Set down, please, exactly the lines below that run from the line with "Pin By Hana" to the line with "Félix Vallotton 1919, portrait of a woman", both lines included.

### Excerpted records
====================
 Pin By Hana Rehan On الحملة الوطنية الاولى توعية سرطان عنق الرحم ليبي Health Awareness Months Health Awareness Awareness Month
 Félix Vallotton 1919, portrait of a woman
====================
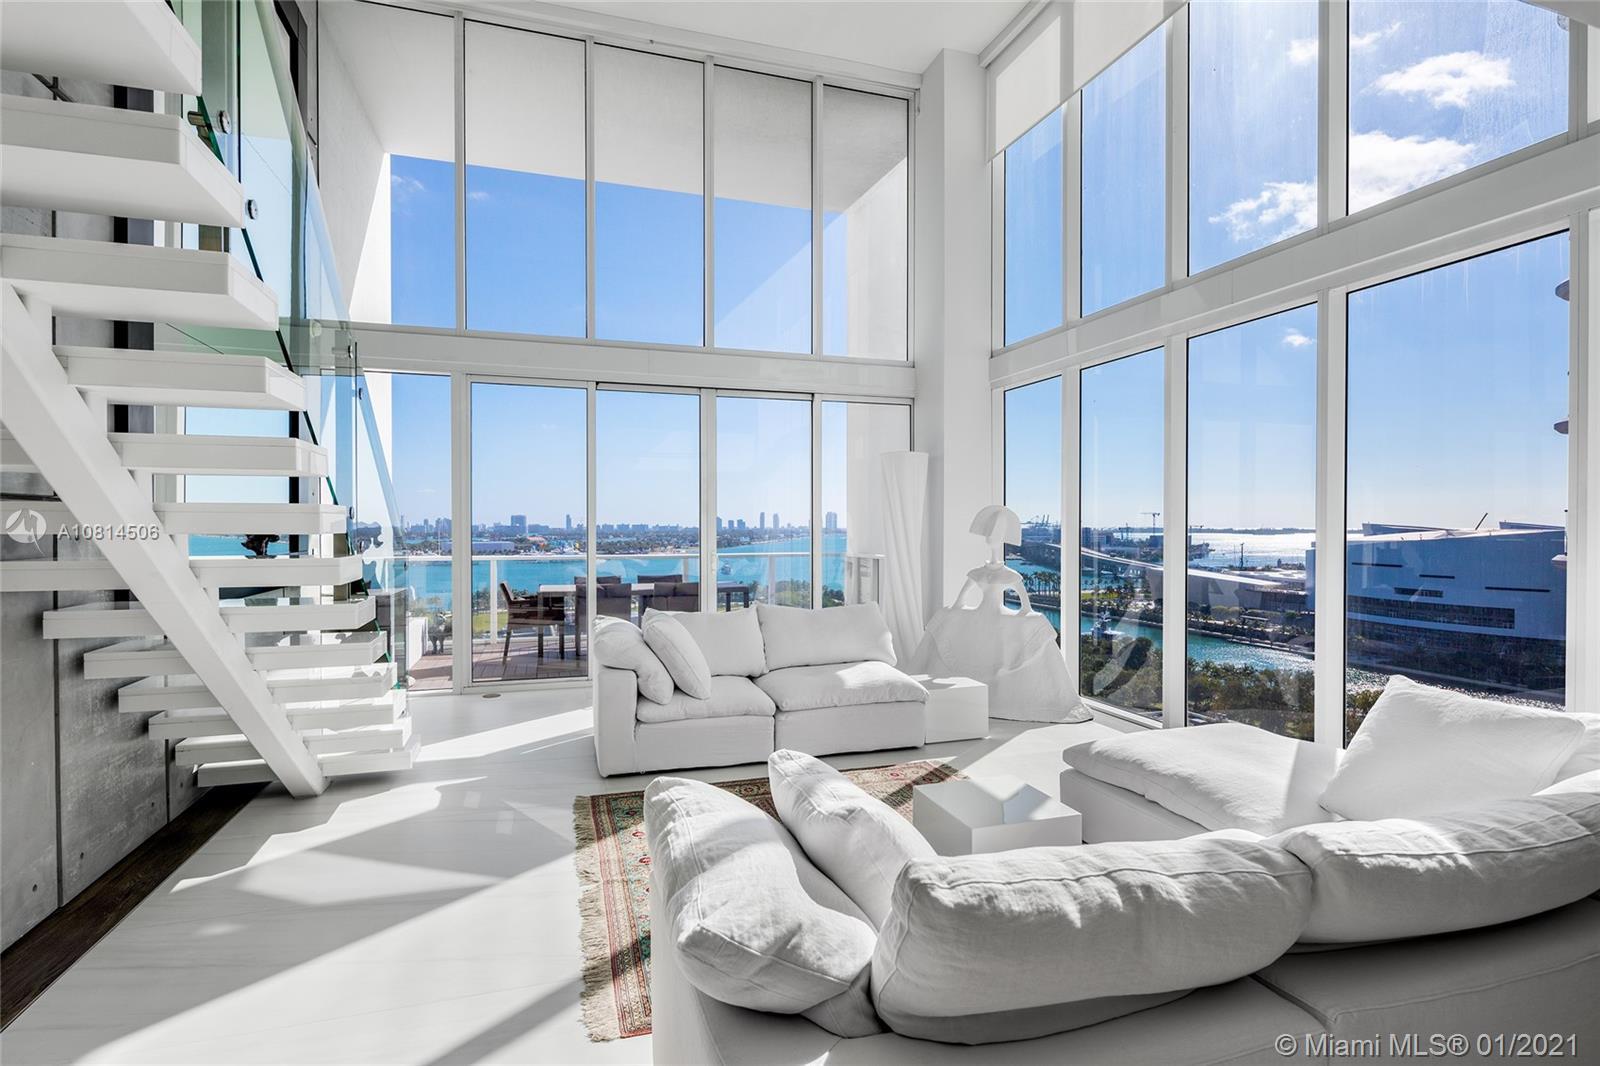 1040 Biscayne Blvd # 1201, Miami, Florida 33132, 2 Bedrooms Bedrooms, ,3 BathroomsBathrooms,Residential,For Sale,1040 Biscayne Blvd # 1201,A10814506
====================
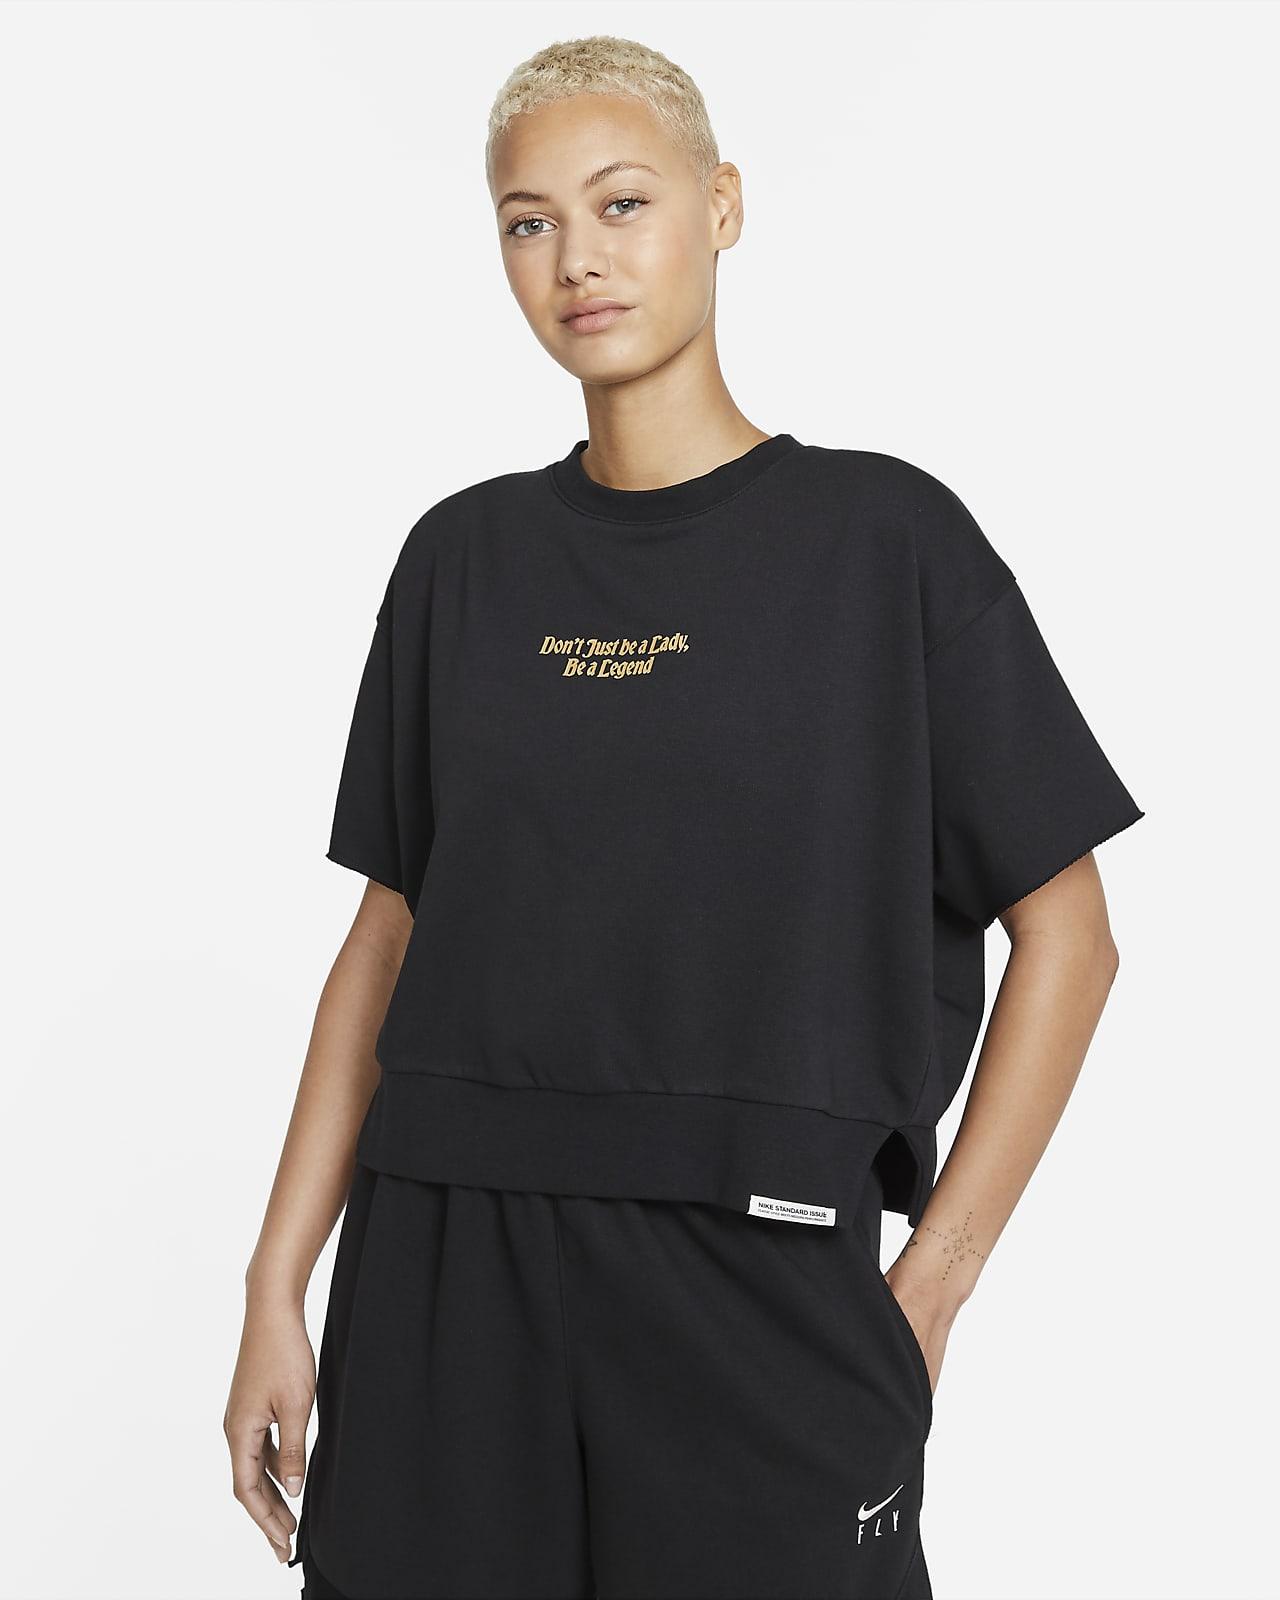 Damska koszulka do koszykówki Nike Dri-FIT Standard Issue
====================
### Response to the exercise
 Pin By Hana Rehan On الحملة الوطنية الاولى توعية سرطان عنق الرحم ليبي Health Awareness Months Health Awareness Awareness Month
 Félix Vallotton 1919, portrait of a woman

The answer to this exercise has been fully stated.